DataFrame 내에 컬럼에 대해 to_json 및 from_json 함수로 JSON 포맷 데이터에 대해 encode/decode 를 편리하게 할 수 있습니다.

## Encode a struct as json

In [16]:
json_str = """
{
  "a": {
    "b": 1
  }
}
"""

rdd = sc.parallelize([json_str])
df = spark.read.json(rdd)

# encdoe json_str
df_res = df.select(f.to_json("a").alias("a"))
df_res.printSchema()
df_res.show()

root
 |-- a: string (nullable = true)

+-------+
|      a|
+-------+
|{"b":1}|
+-------+



## Decode json column as a struct 

In [17]:
json_str = """{\"b\":1}"}"""

rdd = sc.parallelize([json_str])
row_rdd = rdd.map(lambda x: Row(x))
schema = t.StructType().add("a", t.StringType())

df = spark.createDataFrame(row_rdd, schema)
df.show()

schema = t.StructType().add("b", t.IntegerType())
df_res = df.select(f.from_json("a", schema).alias("c"))
df_res.printSchema()
df_res.show()

+---------+
|        a|
+---------+
|{"b":1}"}|
+---------+

root
 |-- c: struct (nullable = true)
 |    |-- b: integer (nullable = true)

+---+
|  c|
+---+
|[1]|
+---+



In [18]:
json_str = """{\"b\":{\"x\":1,\"y\":{\"z\":2}}}"""
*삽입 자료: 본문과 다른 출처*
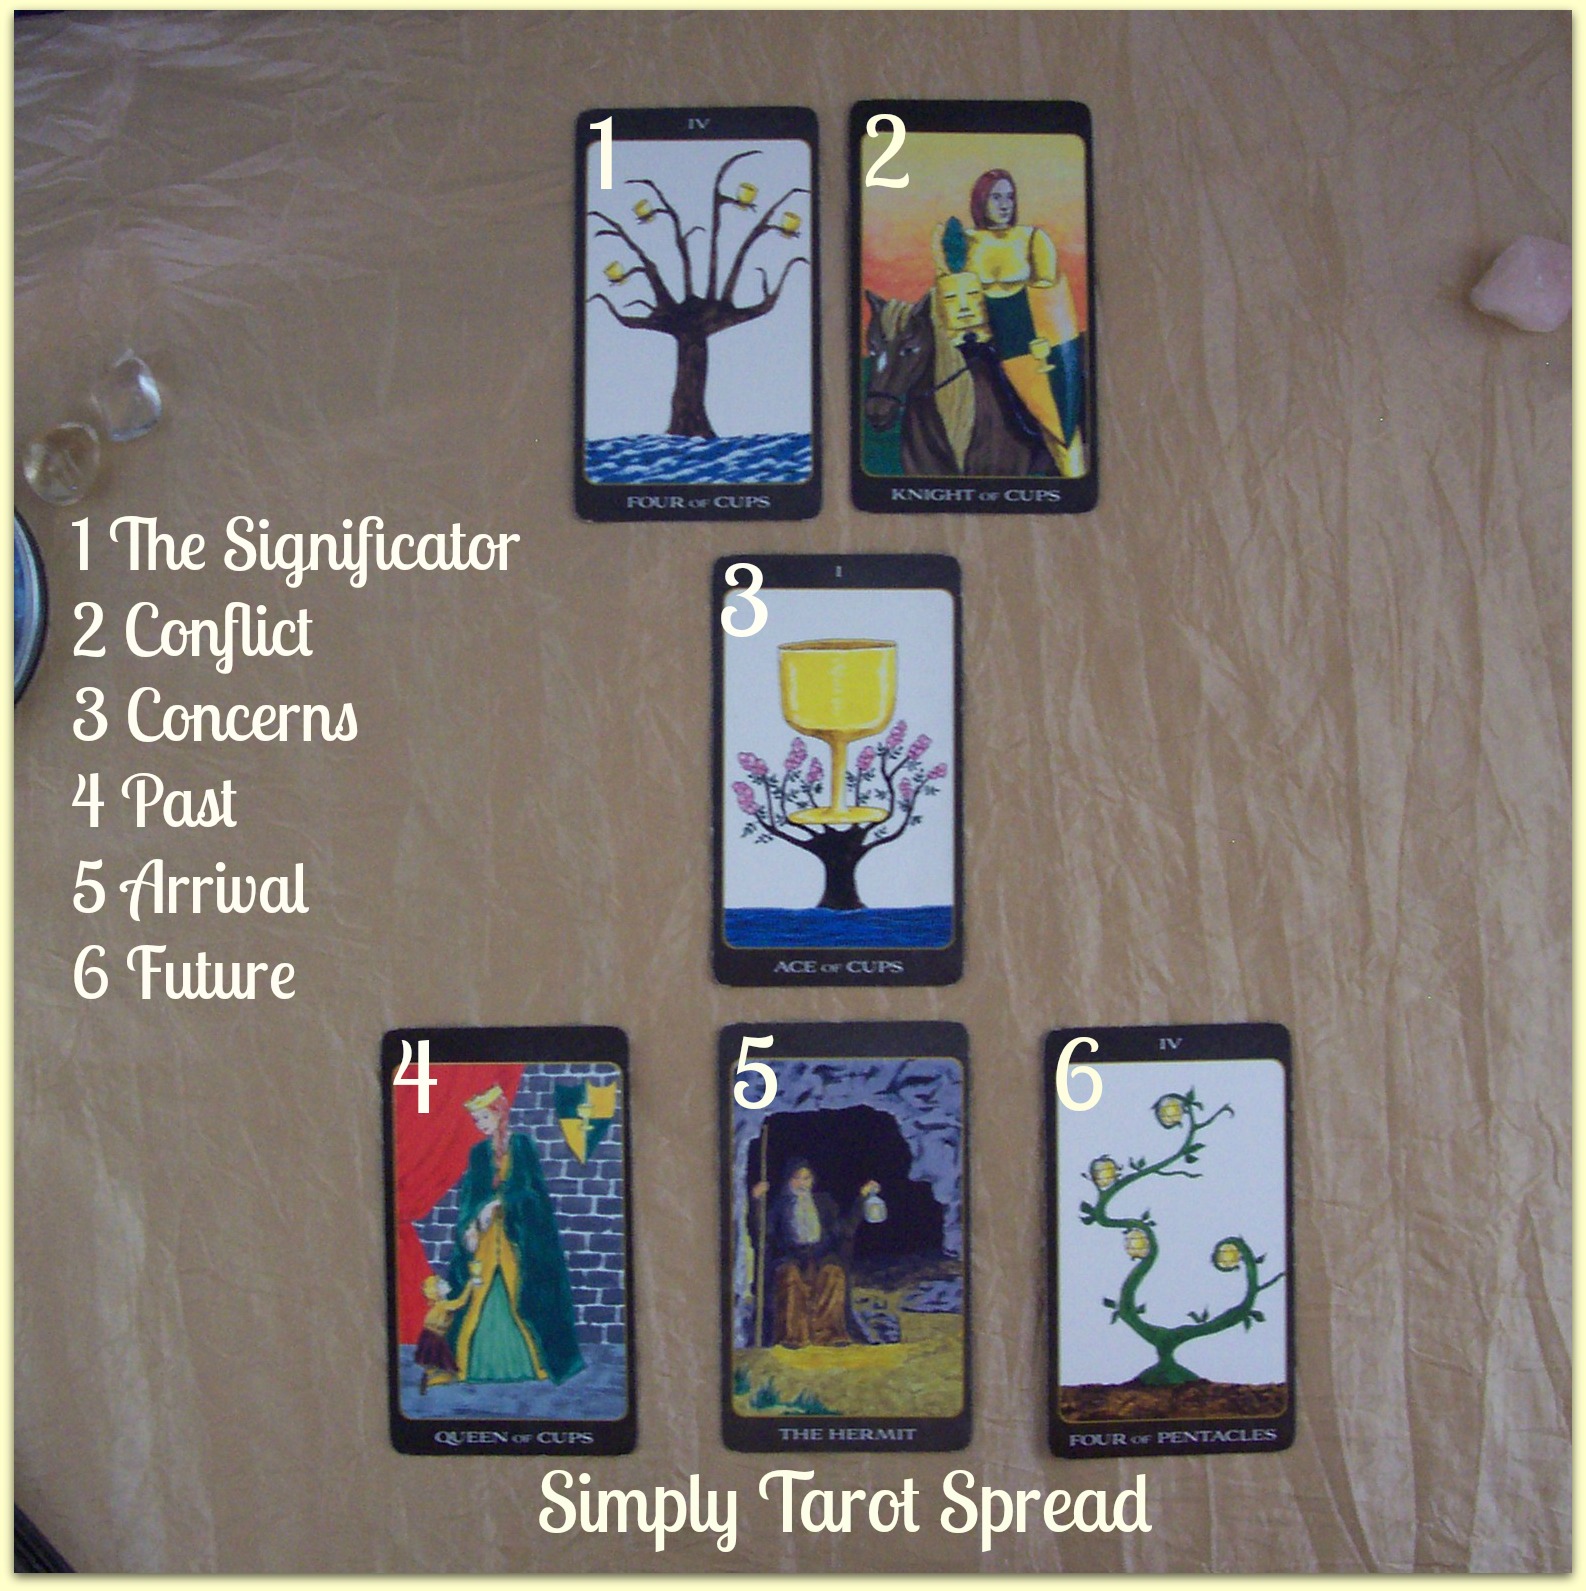 Simply spread - Simply Tarot

rdd = sc.parallelize([json_str])
row_rdd = rdd.map(lambda x: Row(x))
schema = t.StructType().add("a", t.StringType())

df = spark.createDataFrame(row_rdd, schema)
df.show(1, False)

schema = t.StructType().add("b", t.StructType().add("x", t.IntegerType()).add("y", t.StringType()))
df_res = df.select(f.from_json("a", schema).alias("c"))
df_res.printSchema()
df_res.show()

+-------------------------+
|a                        |
+-------------------------+
|{"b":{"x":1,"y":{"z":2}}}|
+-------------------------+

root
 |-- c: struct (nullable = true)
 |    |-- b: struct (nullable = true)
 |    |    |-- x: integer (nullable = true)
 |    |    |-- y: string (nullable = true)

+--------------+
|             c|
+--------------+
|[[1, {"z":2}]]|
+--------------+



## Parse a set of fields from a column containing JSON

JSON Value 의 String 형태가 JSON 포맷이라면 json_tuple 함수를 통해 바로 파싱후 필드 값을 가져오는 것도 가능합니다.

In [19]:
json_str = """{\"b\":1}"""

rdd = sc.parallelize([json_str])
row_rdd = rdd.map(lambda x: Row(x))
schema = t.StructType().add("a", t.StringType())

df = spark.createDataFrame(row_rdd, schema)
df.createOrReplaceTempView("view")
df.show(1, False)

df_res = df.select(f.json_tuple("a", "b").alias("c"))
df_res.printSchema()
df_res.show()

df_res = spark.sql('select json_tuple(a, "b") as c from view')
df_res.printSchema()
df_res.show()

+-------+
|a      |
+-------+
|{"b":1}|
+-------+

root
 |-- c: string (nullable = true)

+---+
|  c|
+---+
|  1|
+---+

root
 |-- c: string (nullable = true)

+---+
|  c|
+---+
|  1|
+---+



## Parse a well-formed string column

JSON 의 String Type Value 에서 regrexp_extract 를 이용하여 원하는 문자를 추출할 수 있습니다.

In [20]:
json_str = """
[{ "a": "x: 1" }, { "a": "y: 2" }]
"""

rdd = sc.parallelize([json_str])
df = spark.read.json(rdd)
df.createOrReplaceTempView("view")

df_res = df.select(f.regexp_extract("a", "([a-z]):", 1).alias("c"))
df_res.printSchema()
df_res.show()

df_res = spark.sql('select regexp_extract(a, "([a-z]):", 1) as c from view')
df_res.printSchema()
df_res.show()

root
 |-- c: string (nullable = true)

+---+
|  c|
+---+
|  x|
|  y|
+---+

root
 |-- c: string (nullable = true)

+---+
|  c|
+---+
|  x|
|  y|
+---+



In [21]:
spark.stop()